In contrast to the NE prediction, all groups achieved substantial levels of loss avoidance. We report the PLA achieved by each group in figure 2. Since the PLA is proportional to group members' total individual contributions, it is a measure of group-level cooperation. The PLA ranged from 12% to 100%, the grand mean being 70.1%, in line with the CS prediction for risk-neutral agents (figure 2). Eighty-six per cent of groups in the S treatments achieved a PLA higher than the CS, with seven groups achieving full loss avoidance. Overall, the PLA was 18% lower in NS treatments than S treatments (d = −1.03; p < 0.0001; n = 128; d is Cohen's d; all tests are two-sided Wilcoxon–Mann–Whitney (WMW) tests unless otherwise indicated) and only 34% of groups in NS treatments (as opposed to 86% in the S treatments) exceeded the PLA prescribed by the CS. Neither contributions nor sanctions differed significantly between the two locations within each country (electronic supplementary material, tables S7–S8). Therefore, we consider aggregate national observations only. Moreover, the PLA achieved in the International Open treatments was very close in size—and not statistically significantly different—from the PLA in the International Blind treatments, particularly so in the NS treatments (d = 0.04; p = 0.99; n = 32), but also in the S treatments (d = 0.41; p = 0.30; n = 32). We report results for the International Open treatments (O treatments) in the paper and those relative to the International Blind treatment in electronic supplementary material, S1.4, unless results between the two treatments differ.

Figure 2.

Figure 2.

Probability of loss avoidance for each group and treatment.

(b) . Cooperation among Germans is higher than among Russians' in National treatments with sanctions

We first assess Hypotheses 1–2. In National treatments without sanctions, German groups did not achieve significantly higher PLA than Russian groups at conventional levels, although the effect size was medium (d = 0.71; p = 0.08; n = 32). Conversely, when sanctions were available, German groups did achieve significantly higher PLA than Russian groups in national interactions (d = 1.39; p = 0.0002; n = 32). The PLA was significantly higher in the S treatment than the NS treatments in German national interactions (d = 1.37; p = 0.0014; n = 32). The increase in PLA in Russian national interaction in the S treatment compared to the NS treatment was not large enough to achieve statistical significance at conventional levels, although it had medium effect size (d = 0.65; p = 0.072; n = 32). These results confirm Hypotheses 1–2 and are in line with previous comparative research [19,20,28,29].

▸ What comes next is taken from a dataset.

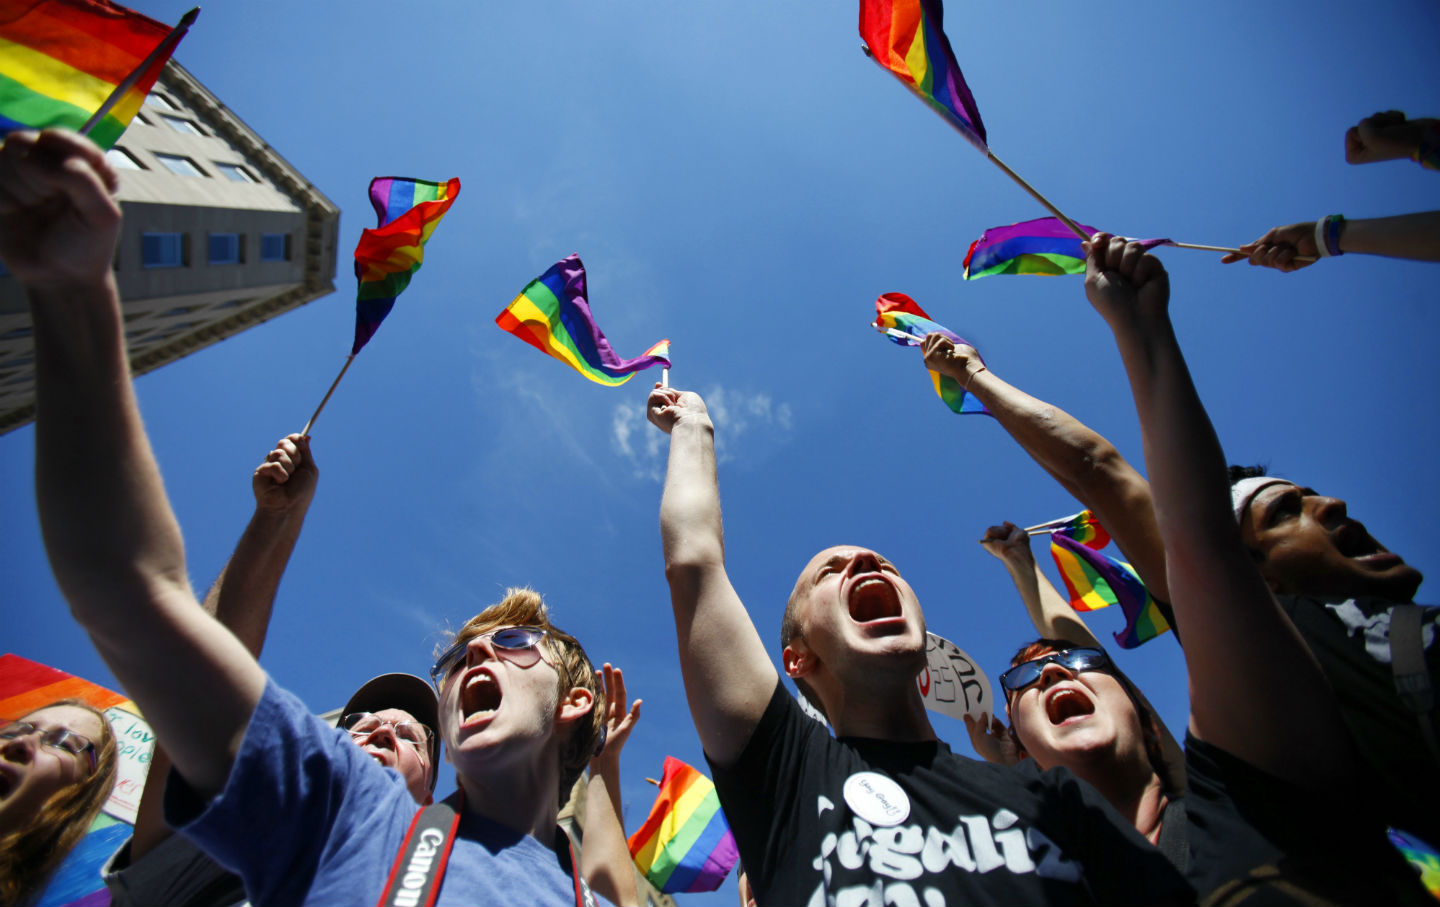 SCOTUS Will Likely Legalize Same-Sex Marriage—but the Fight Over Marriage Is Not Done Yet
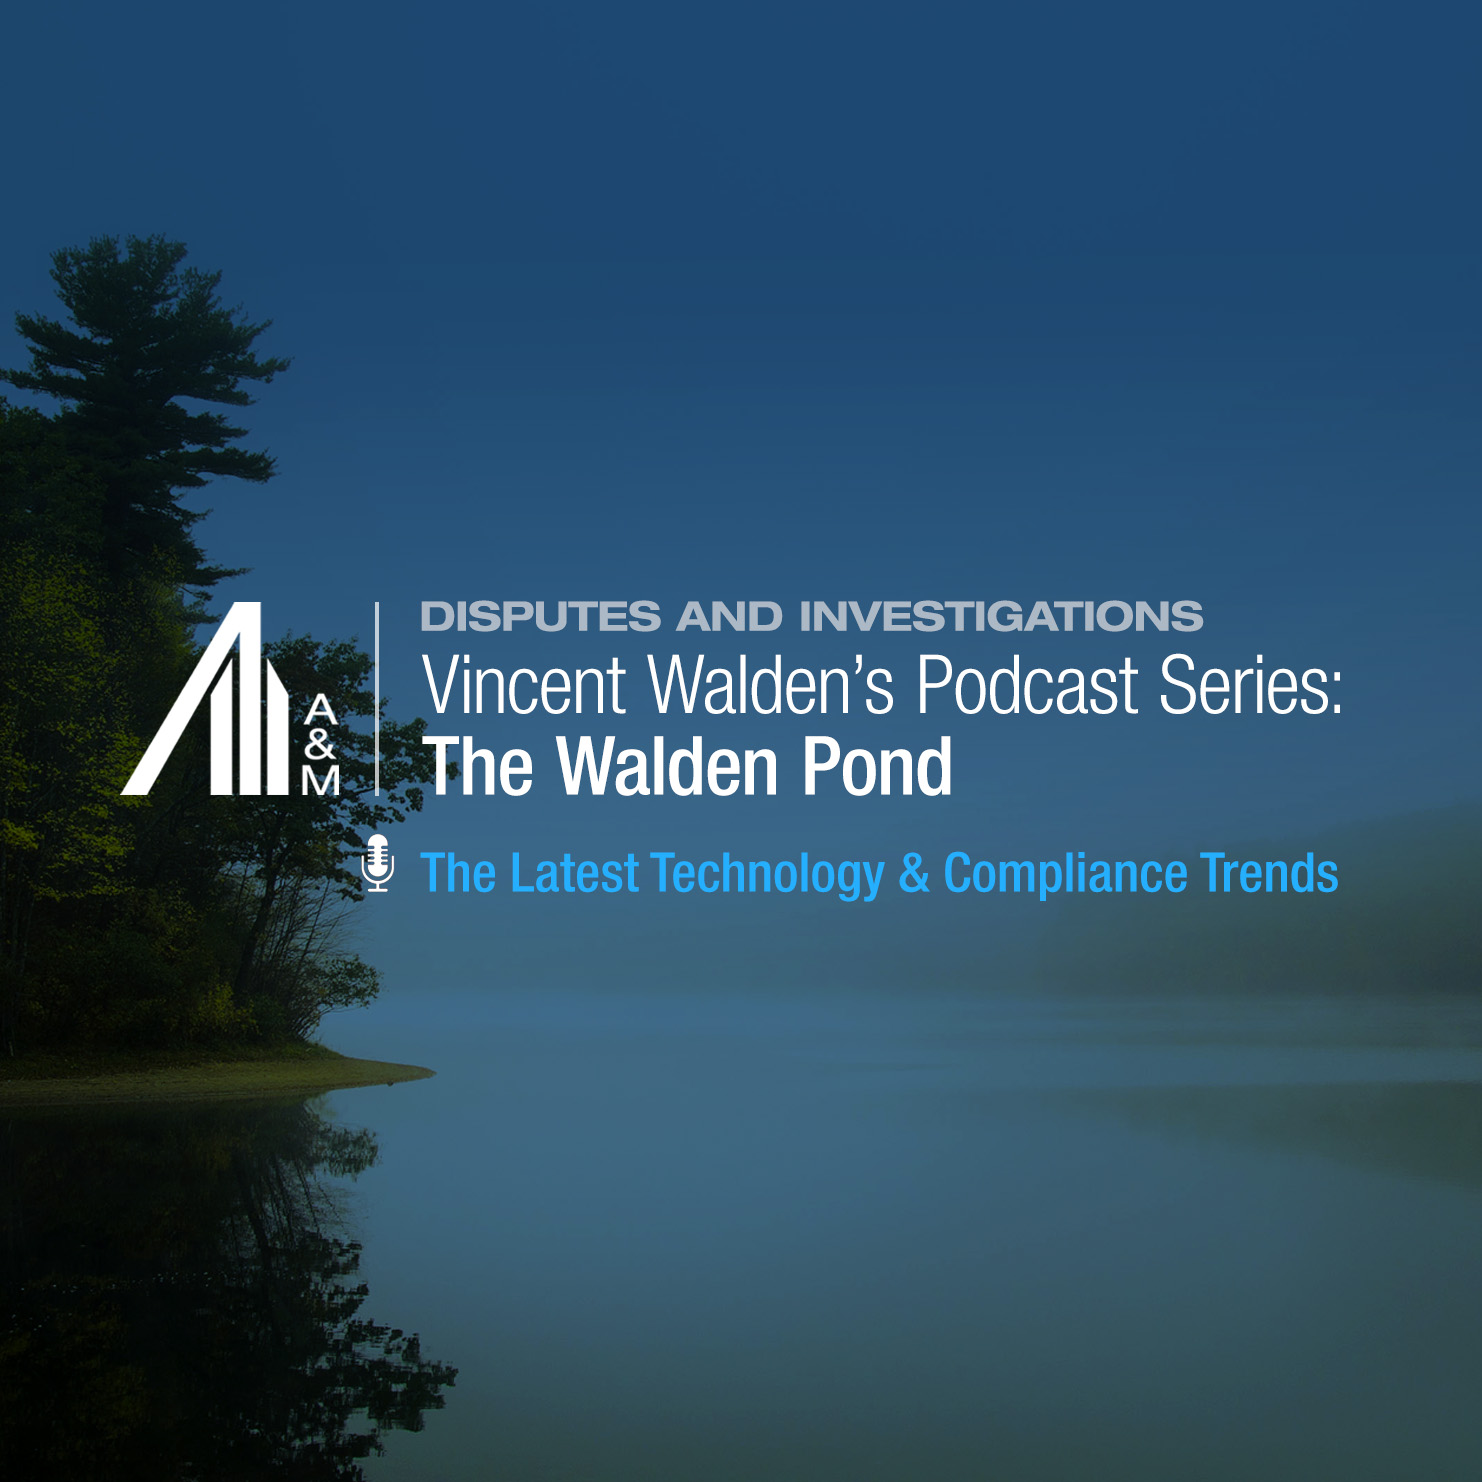 Walden Pond Podcast: Anti-Corruption Trends and Compliance in Brazil

(c) . Cooperation in International treatments without sanctions is not significantly different from cooperation in National treatments

On the basis of Hypothesis 3, we would expect lower cooperation in International treatments without sanctions than in National treatments. This was however not the case. Without sanctions, mean PLA in the International O treatment was 0.65, on a par with mean PLA in the German National treatment and higher than the mean PLA in the Russian National treatment (figure 2). Without sanctions, there was no statistically significant difference in PLA between the International O treatment and either the German National NS treatments (d = 0.03; p = 0.99; n = 32) or the Russian National NS treatment, at conventional levels, (d = 0.72; p = 0.055, n = 32), although in the latter case the effect size was medium.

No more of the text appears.